Меня и правда почти отпустило, но стоило выйти из раздевалки — большая часть девочек все еще толкалась в тесном помещении, натягивая футболки поверх спортивных лифчиков, — как я нос к носу столкнулась с второгодками из мужского волейбольного клуба. Сегодня подошла их очередь заниматься в зале, отчего Канно тоже был с ними.
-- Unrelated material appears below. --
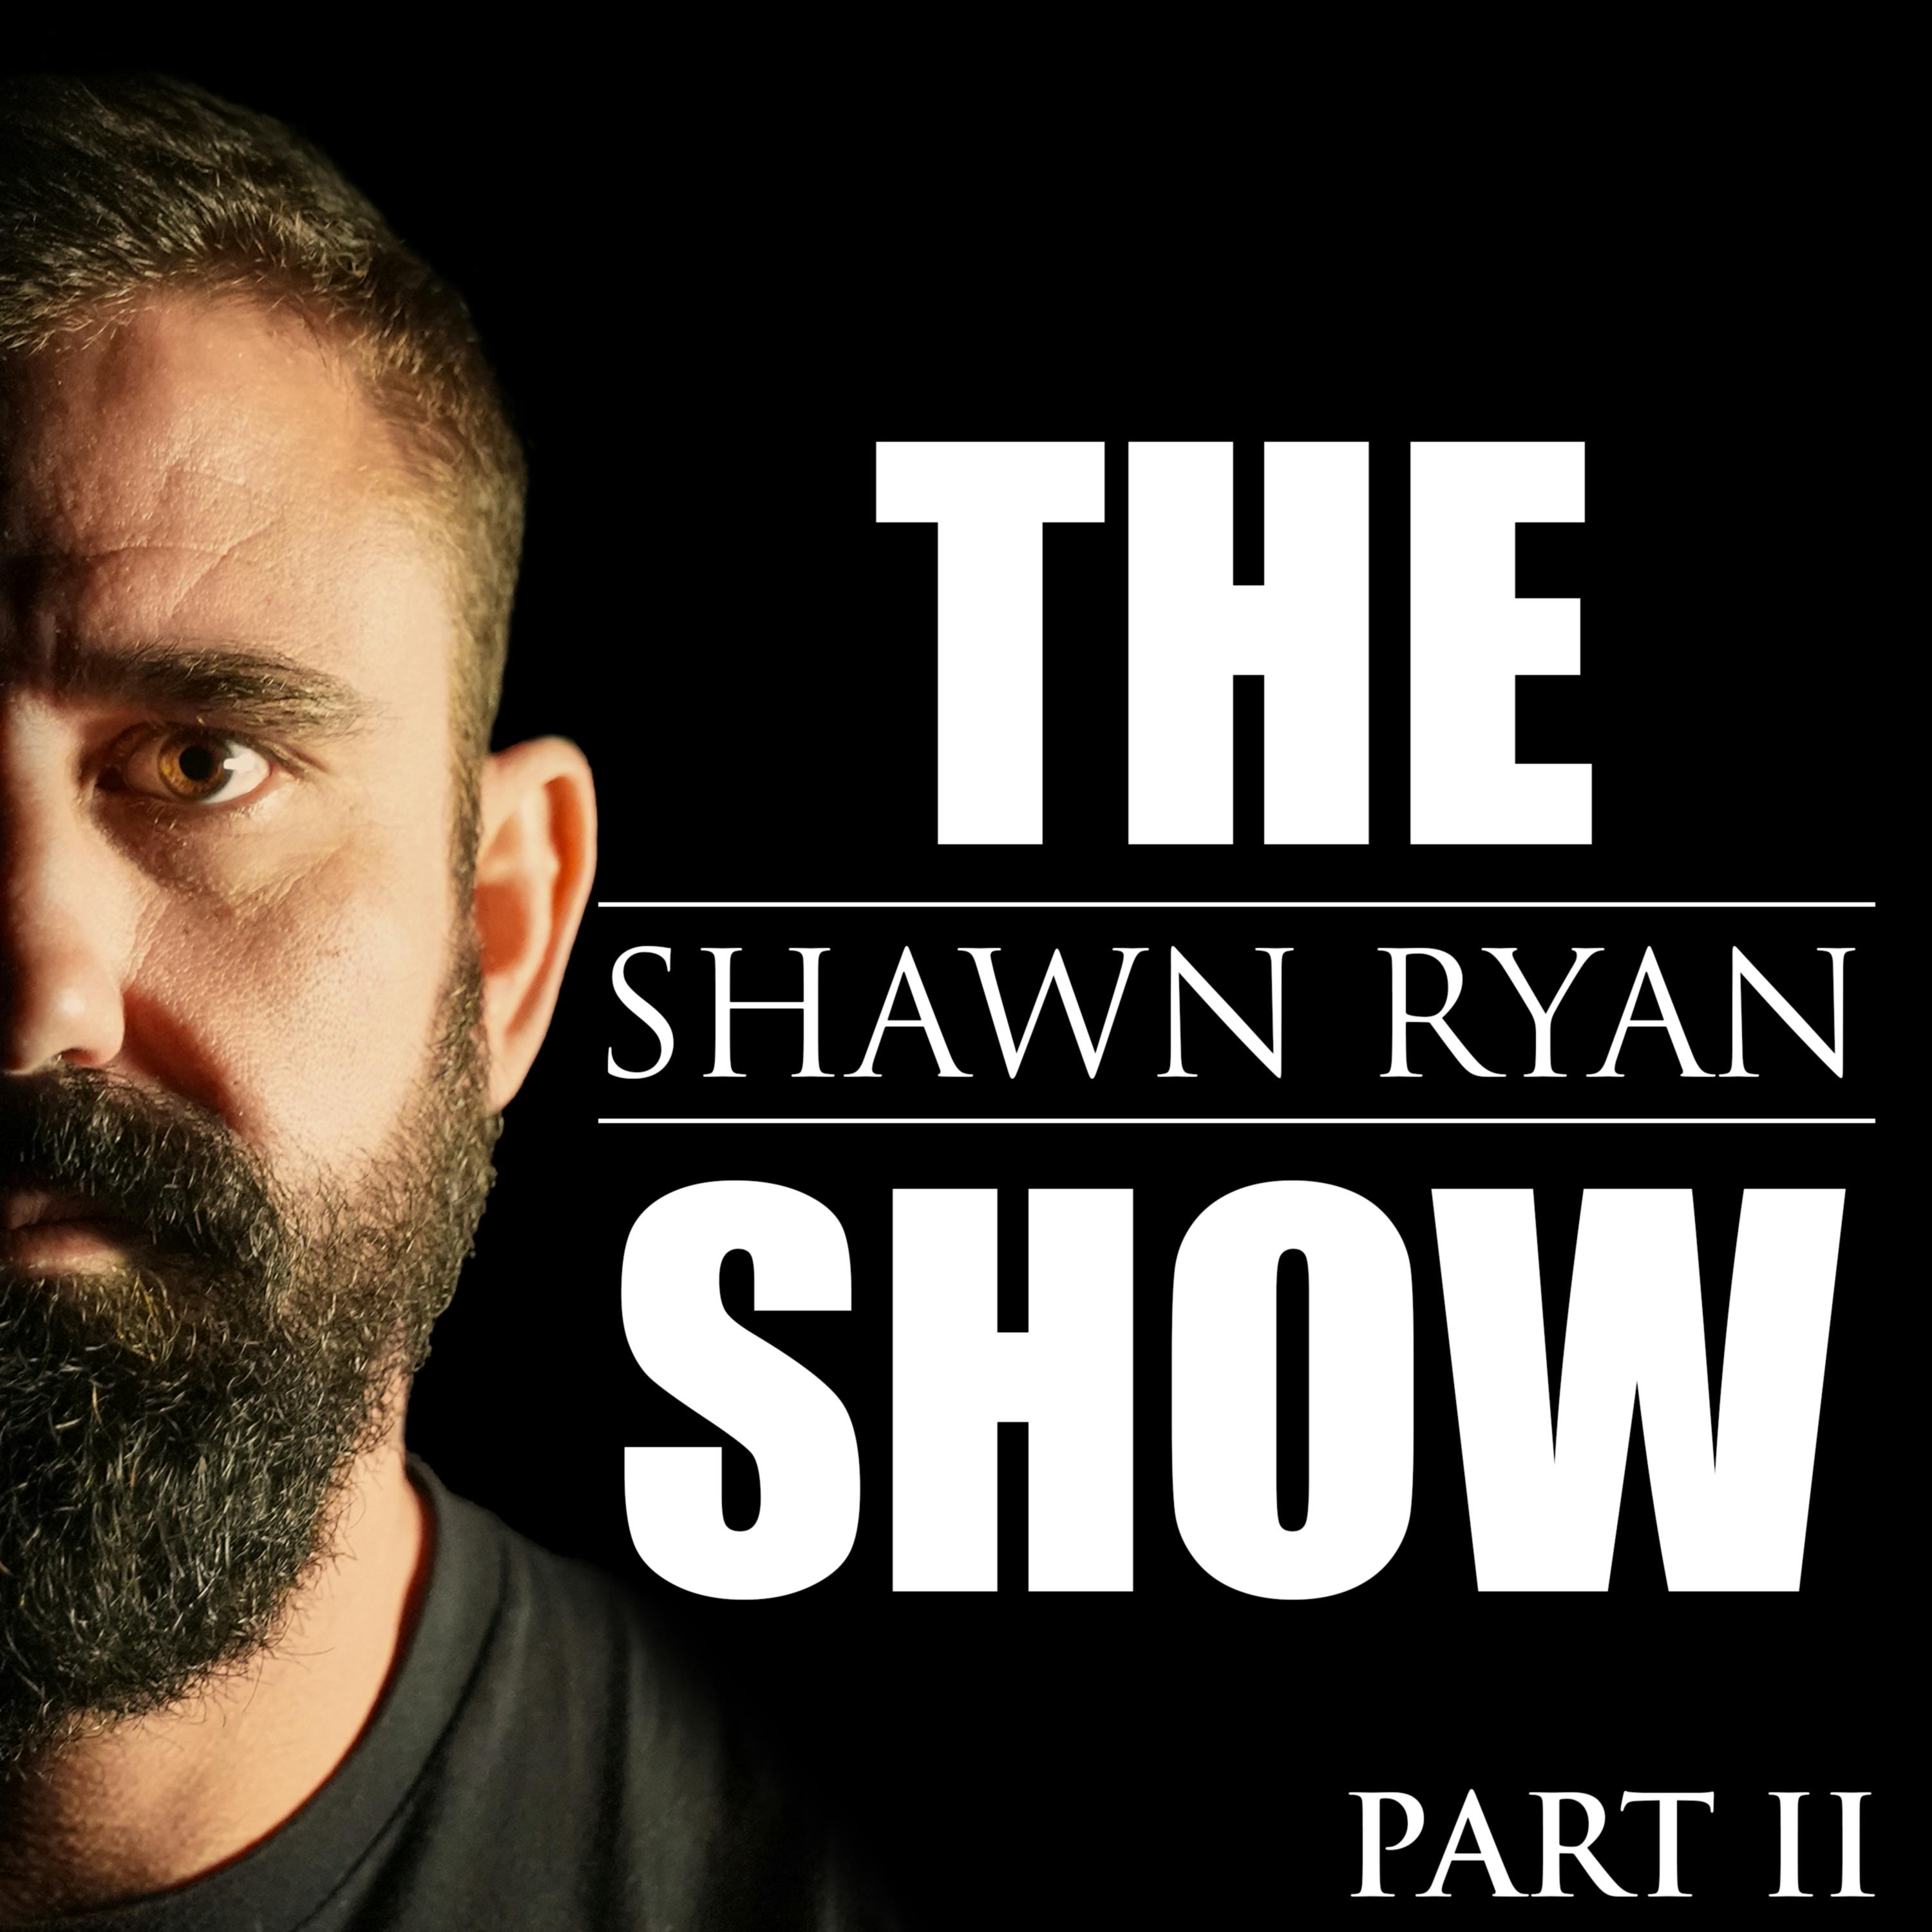 #55 Prime Hall - MARSOC Raider Survives The Unthinkable / Horrific Combat Experience | Part 2 by Shawn Ryan | Cumulus Podcast Network

Мы обменялись коротким приветствием. Вблизи разница в росте, к которой я никак не могла привыкнуть, ощущалась сильнее, что действовало на нервы. Мне больше нравилось, когда Канно был ниже и у́же в плечах. Когда меня в шутку называли его рыцарем, а он не имел ничего против. Но все это осталось в прошлом. Канно был парнем, и хотя бы поэтому он успешно меня перерос. Я не совру, если скажу, что в глубине души считала его скачок роста предательством, хоть и понимала — Канно ни в чем не виноват, просто так вышло, что физически мы отличались куда сильнее, чем мне хотелось бы.

— Эй, Ибара-чан!

К сожалению, в мужском клубе не все второгодки были столь же тихими как Канно, Хокао или Утимура. Здоровяк, которого они переманили из команды по регби — Окума, кажется? — весьма невыгодно выделялся на их фоне. Как минимум потому, что в первую нашу встречу вел себя по-идиотски. Как максимум… Ай, ладно, к чему сглаживать углы, когда именно первое впечатление, сложившееся во время подготовки к школьной спартакиаде, определило мое нынешнее к нему отношение.

Окума меня раздражал.

И еще кое-что: никто, кроме одноклассниц и сокомандниц, не звал меня «Ибара-чан». Даже Аоки-сэмпай всегда говорил: «Суэмори-сан».

— Чего тебе?

Я нахмурилась. Сегодня при всем желании не получалось быть вежливой. Впрочем, разбить Окуме нос пока не тянуло, в отличие от того раза, когда он объявил, будто волейбол — игра проще некуда.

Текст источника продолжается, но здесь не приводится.